410話 毒入りの酒

 内乱と言っても、グダグダな展開が予想される。

 こんな予想だけは、俺を裏切らない。


 しなくても良いことをした揚げ句に、泥沼になる。

 ラッザロ殿下が庶兄のヴィットーレ殿下に、暗殺疑惑をなすり付けて討伐に動いたのだ。

 しかも、やるなら内密かつ一気に仕留めなければいけないところを、わざわざ大貴族のファルネーゼ家の支持を取り付けて、騎士団を呼び寄せる始末。


 大がかりに、何かやりますと言っているようなものだ。

 当然察知されて、ヴィットーレ殿下は姿をくらました。


 こうなると、パパンは危険を察知して、領地に戻っている。

 あのまま、王都にいたらドサクサ紛れに殺害か捕らえられる可能性まである。


 ヴィットーレ殿下を犯人扱いするラッザロ殿下に証拠を要求したからだ。

 逆ギレしたのか、ラッザロ殿下はスカラ家がヴィットーレ殿下についているのかと疑い始めた。

 筋目を通す役割をしているから、いい加減煙たくなっているのだろう。

 熱心な支持勢力でもないので疑念を抱いたのかもしれないがな。


 この騒動の対策をスカラ家で決める必要がある。

 俺も本家に呼ばれている。

 ついでと言ってはなんだがミルをパパンに会わせる必要もあり、今回の同行者はミル一人だ。

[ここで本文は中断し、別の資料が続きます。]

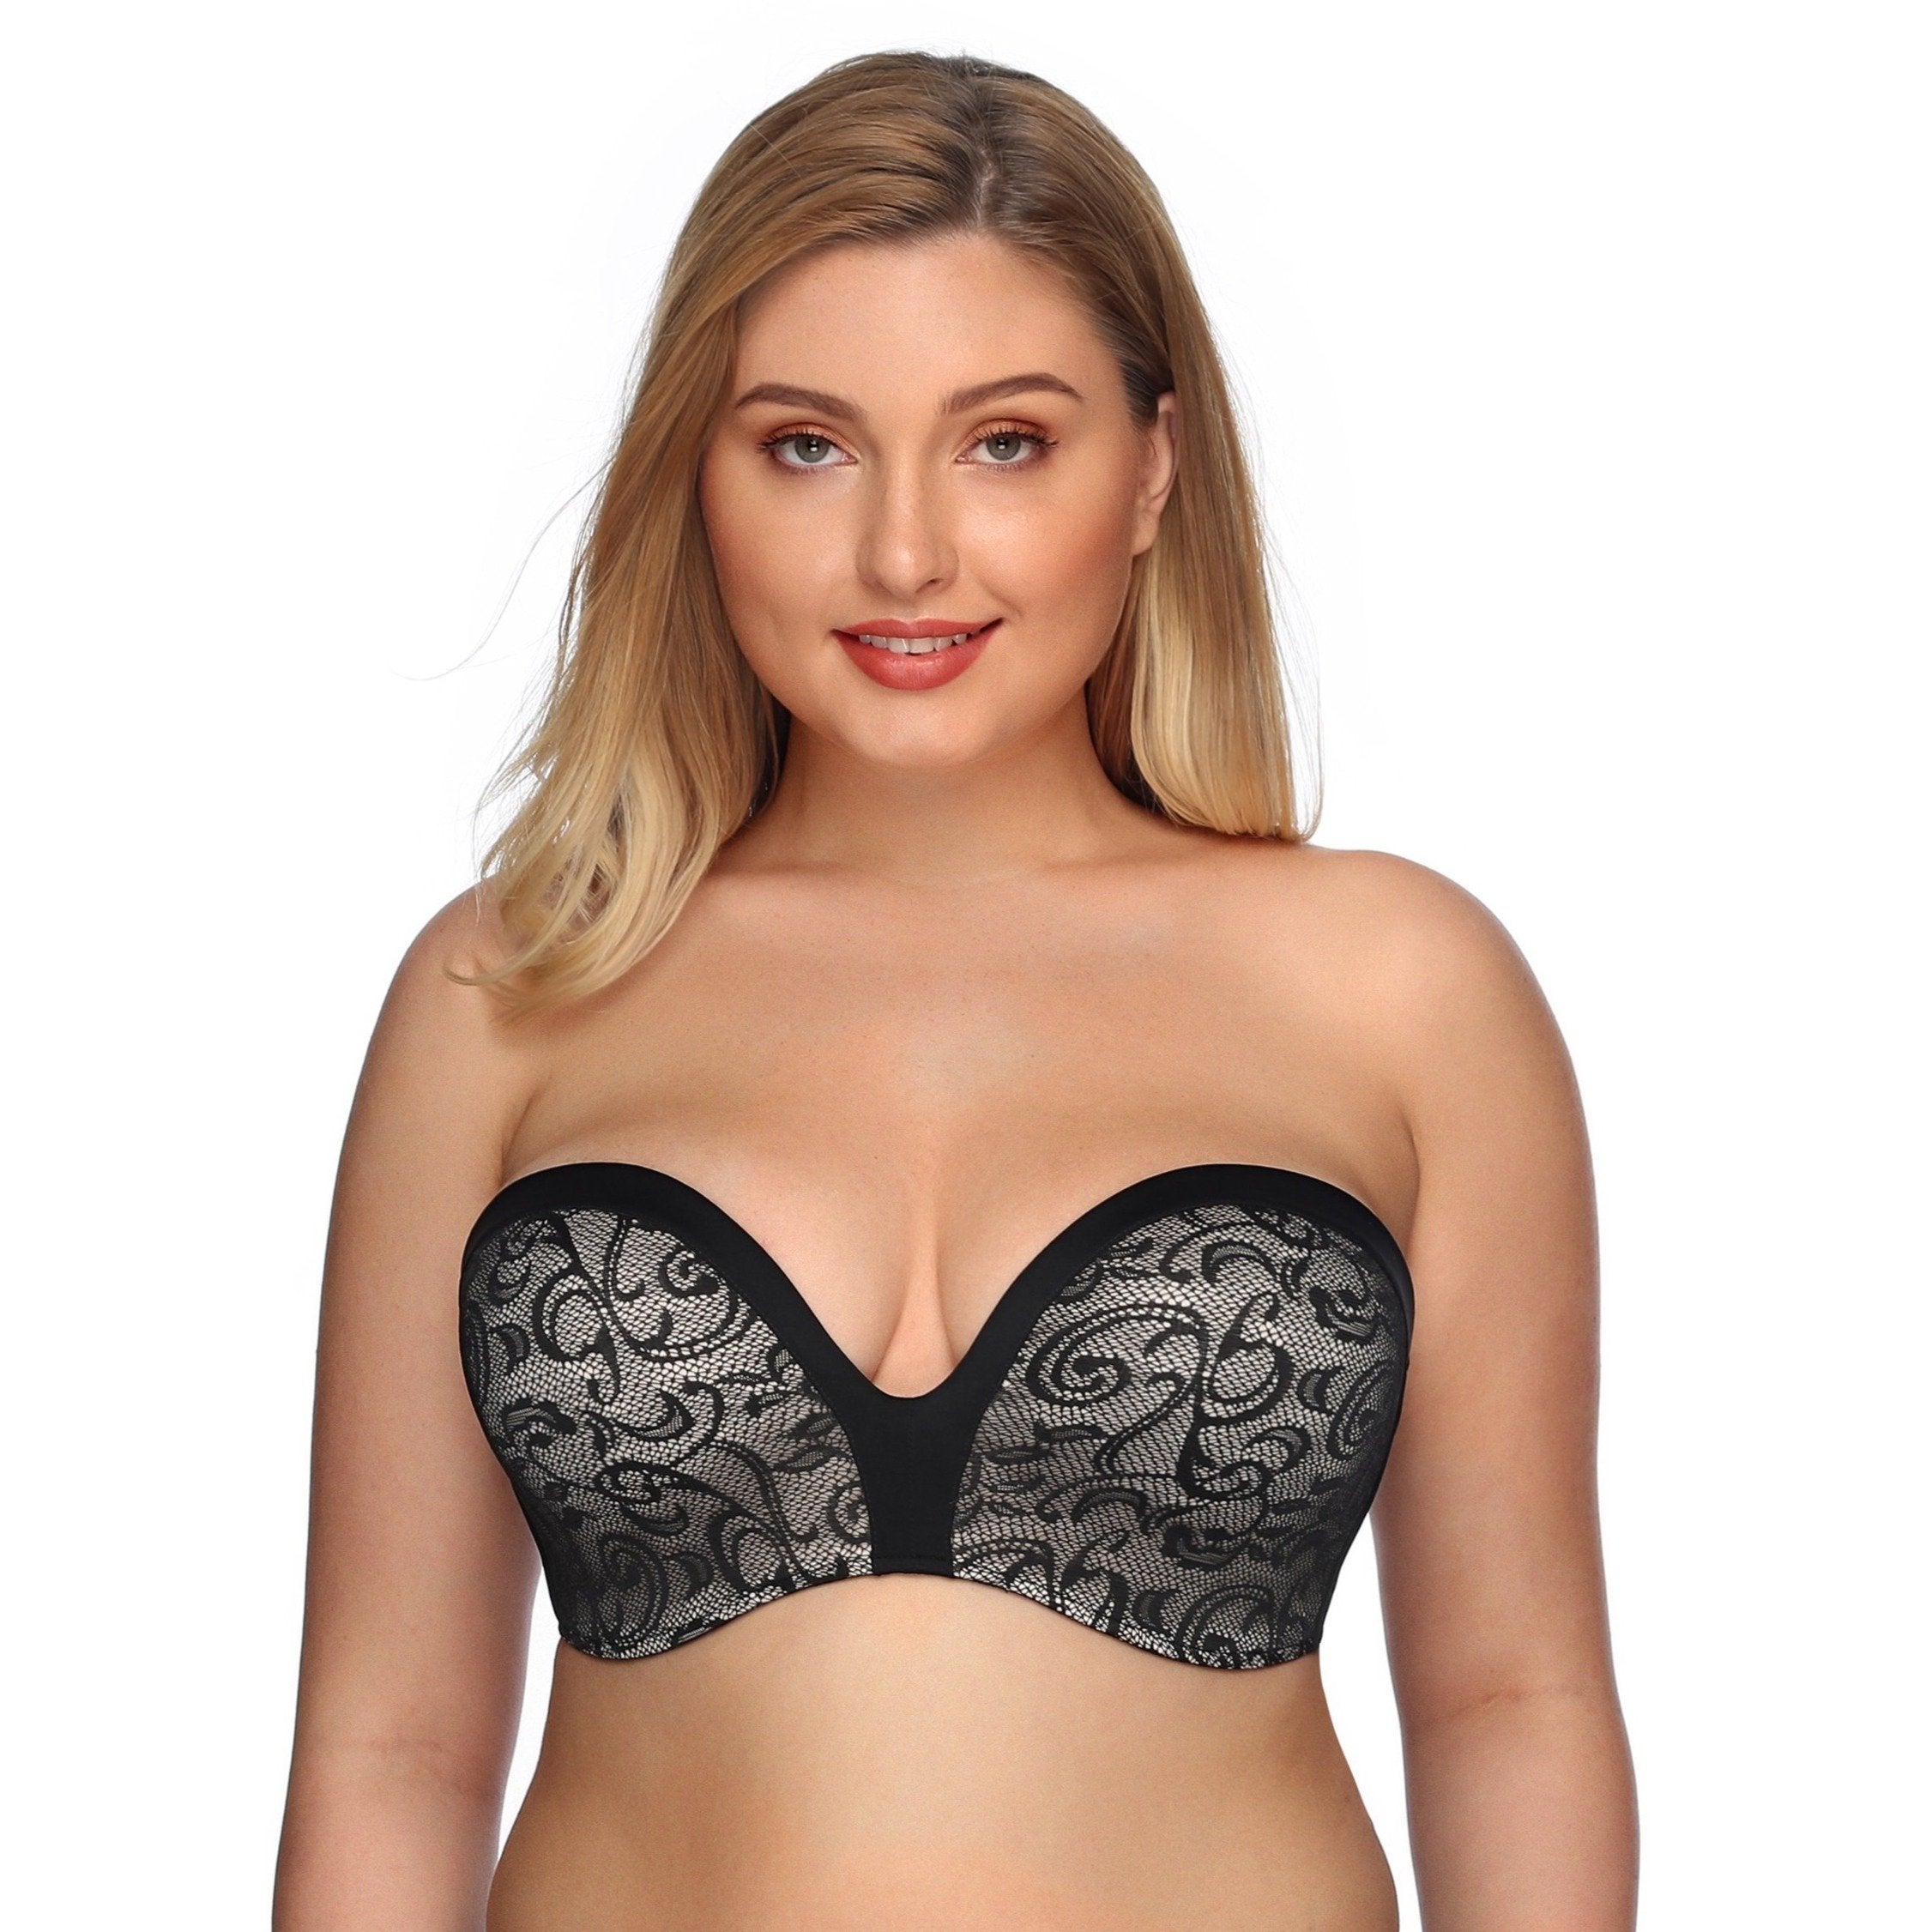 Shop Online For the Perfect Lift & Support with Lace Strapless

 キアラは俺が不在のときの責任者として、ラヴェンナを守ってもらう必要がある。

 俺、ミル、キアラの3人が不在のときの体制まではつくっていない。 

 これも考えないといけないなぁ。


 騎士団は今のところ必要ないと言われたので、最低限の護衛を連れて行くことになる。

 ミルはパパンと会うのは初めてなので、心なしか緊張しているようだ。


 移動中の馬車で黙り込んでいるので、俺はミルの手を握る。


「大丈夫だよ。 ちゃんと歓迎してくれるさ」


 ミルは俺の手を握り返してきた。


「ありがとう。 分かっていても緊張しちゃうわ」


「逆の立場だったら、俺も緊張してると思うよ」


 ミルは俺の言葉に、目を細めてほほ笑んだ。


「そうね。 でも…生きていたら、必ず歓迎してくれるわよ」


 ミルの緊張が少し解けたようだ。


「戻ったら、キアラにはいっぱいお礼しないとね」


「だなぁ…。 一体、何を要求されるやら」


「それだけじゃないわよ。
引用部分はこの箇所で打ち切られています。